So I have about 85 XML files that are 25-30mb each I am trying to process with XML::Twig. The problem is that I cannot seem to get XML::Twig to release the memory it consumes and my script quickly dies a bloated memory related death after a number of files. In a nutshell this is what I am doing.
- Parse file using XML::Twig
- Get just the IDs for each record
- Lookup that ID in database and do some stuff
- Process next record until end of XML file and repeat for next file.

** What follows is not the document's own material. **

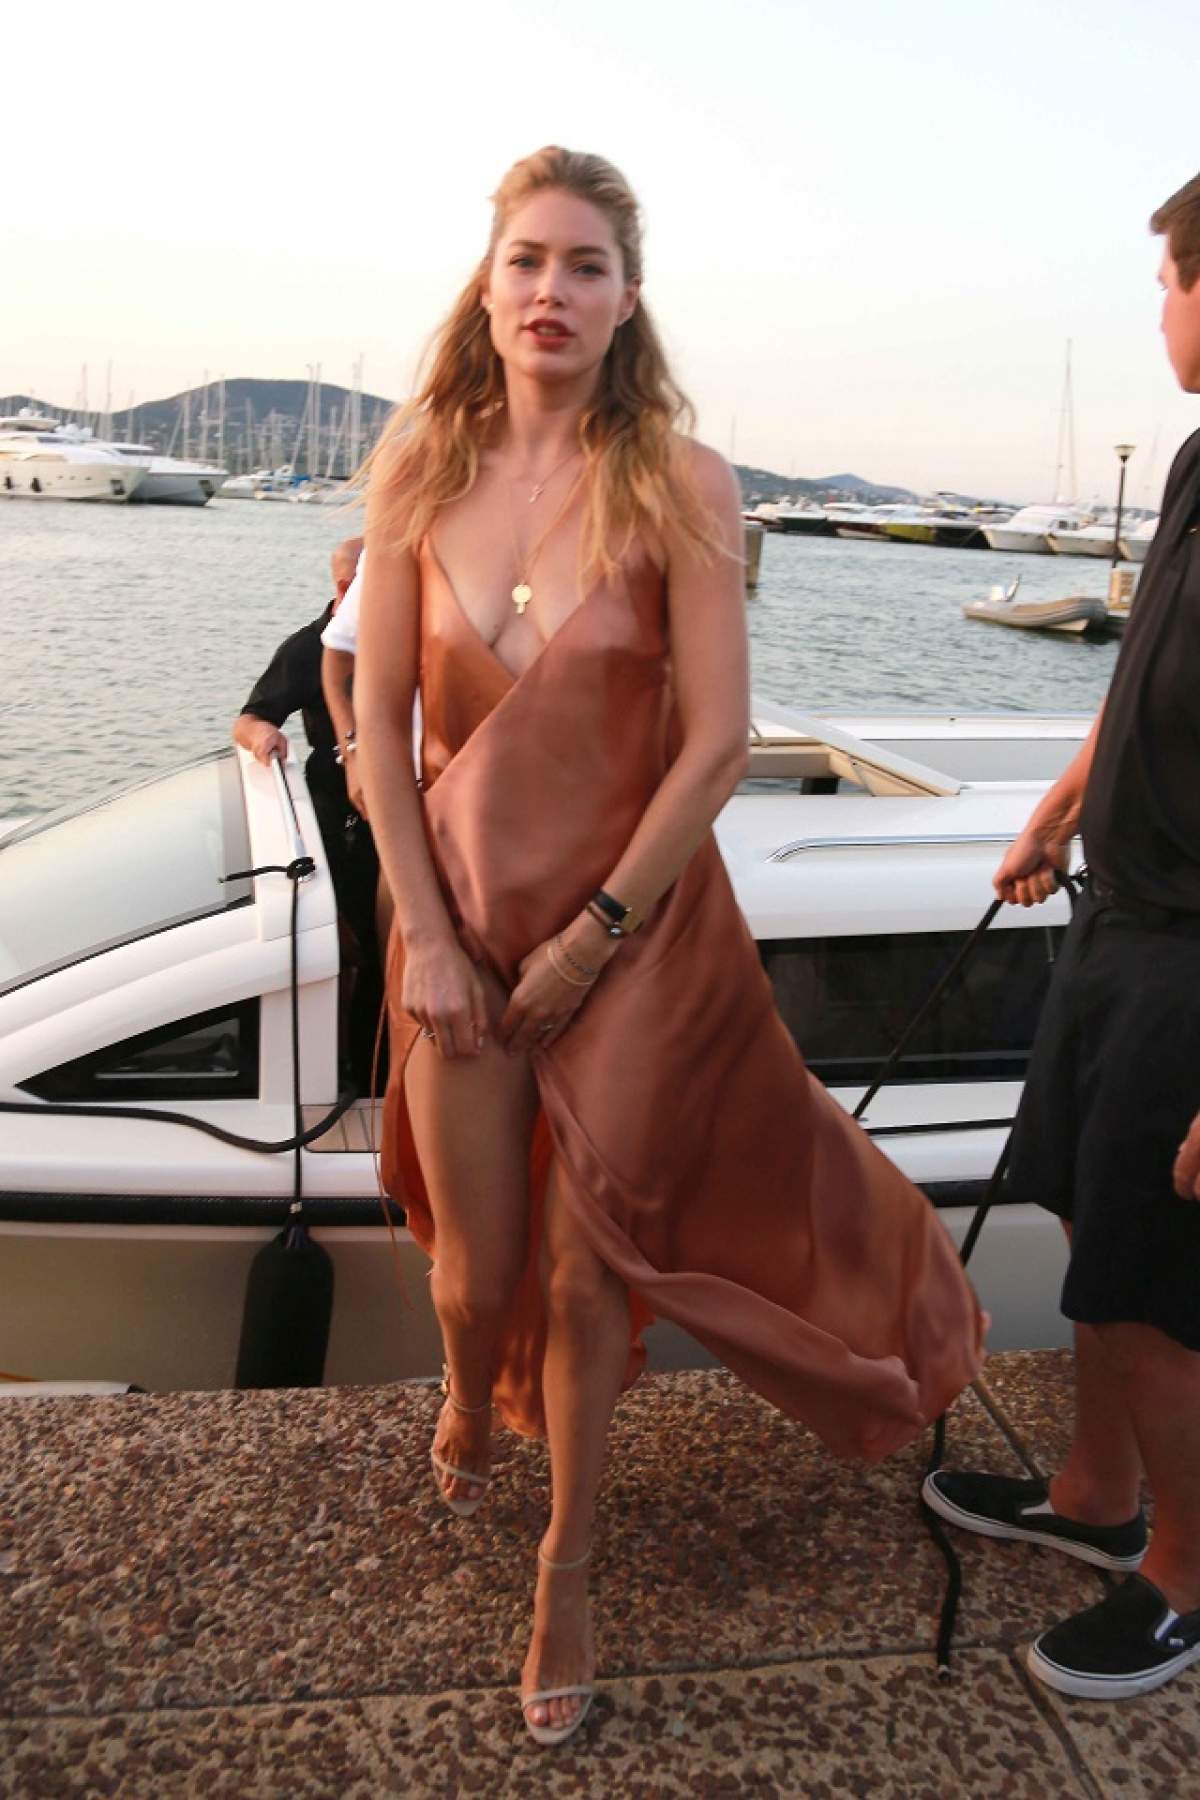 FOTO / Doutzen Kroes, supermodelul Victoria's Secret, la un pas să comită o gafă vestimentară! Rochia mult prea decupată a lăsat la vedere multă...piele

I threw it in debug and I can see the memory grow as each bit of XML is parsed. Can anyone see anything wrong with this code?
#!/usr/bin/perl -w
use strict;
use XML::Twig;
use DBI;
use DBD::Pg;
use SQL::Abstract;
use File::Copy;
use File::Basename;
my $inFile = 'data_100000_100500.xml';
if ( ! $inFile ) {
die("No input file specified");
}
if ( ! -f $inFile ) {
die("file '$inFile' not found");
}
my $dbname = "test";
my $user = "test";
my $password = "test";
my $host = "test03.server.com";
my $port = "5432";
my $dbh = DBI->connect("dbi:Pg:dbname=$dbname;host=$host;port=$port",
+$user, $password, {AutoCommit => 0});
my $sql = SQL::Abstract->new(quote_char=>'"');
my @missing;
my @localmissing;
my $trust = 0;
my $localcount;
my $count;
my $sth;
my $fileStartID;
my $fileEndID;
my %BIOG;
process($inFile);
if (@missing) {
open(MISSINGFILE, ">>missing.txt");
foreach my $missing (@missing) {
print MISSINGFILE $missing . "\n";
}
close MISSINGFILE;
print "\nUNVERIFIED see missing.txt for missing records.\n";
} else {
print "\nVerified 100%\n";
}
exit 0;
#
# Process the file
#
sub process {
%BIOG = ();
$inFile =~ /data_(\d+)_(\d+)/;
$fileStartID = $1;
$fileEndID = $2;
$localcount = 0;
print "Processing file " . $inFile . "\t";
my $t= new XML::Twig( TwigHandlers=> { BIOG => \&BIOG },
);
$t->parsefile( $inFile );
$t->dispose(); # Try to Free memory but does not work...
if ( @localmissing ) {
push(@missing,@localmissing);
my $missing = @localmissing;
print "Missing $missing/$localcount \n";
} else {
print "Verified 100%\n";
my $folder = dirname($inFile);
$folder =~ s/data_done/data_verified/;
move($inFile, $folder.basename($inFile));
}
}
#
# BIOG is XML element we are triggering
#
sub BIOG {
my ($t, $BIOG)= @_;
++$localcount;
if ( ! checkBiog($BIOG->field('BIOG_NBR')) ) {
push(@localmissing, $BIOG->field('BIOG_NBR'));
}
$t->purge(); # Tell XML::Twig to dispo of the rest of the tree we
+ don't care about
return 1;
}
#
# Check database for ID
#
sub checkBiog {
my ($biog) = @_;
if ( !%BIOG ) {
my %where = (
BIOG_NBR => { -between => [ $fileStartID, $fileEndID ] },
);
my($stmt, @bind) = $sql->select('BIOG', '"BIOG_NBR"', \%where)
+;
if (!$sth) {
$sth = $dbh->prepare($stmt);
}
my $result = $sth->execute(@bind);
while(my $data = $sth->fetchrow_hashref()) {
$BIOG{$data->{BIOG_NBR}} = 1;
}
}
if(defined($BIOG{$biog})) {
return 1;
} else {
return 0;
}
}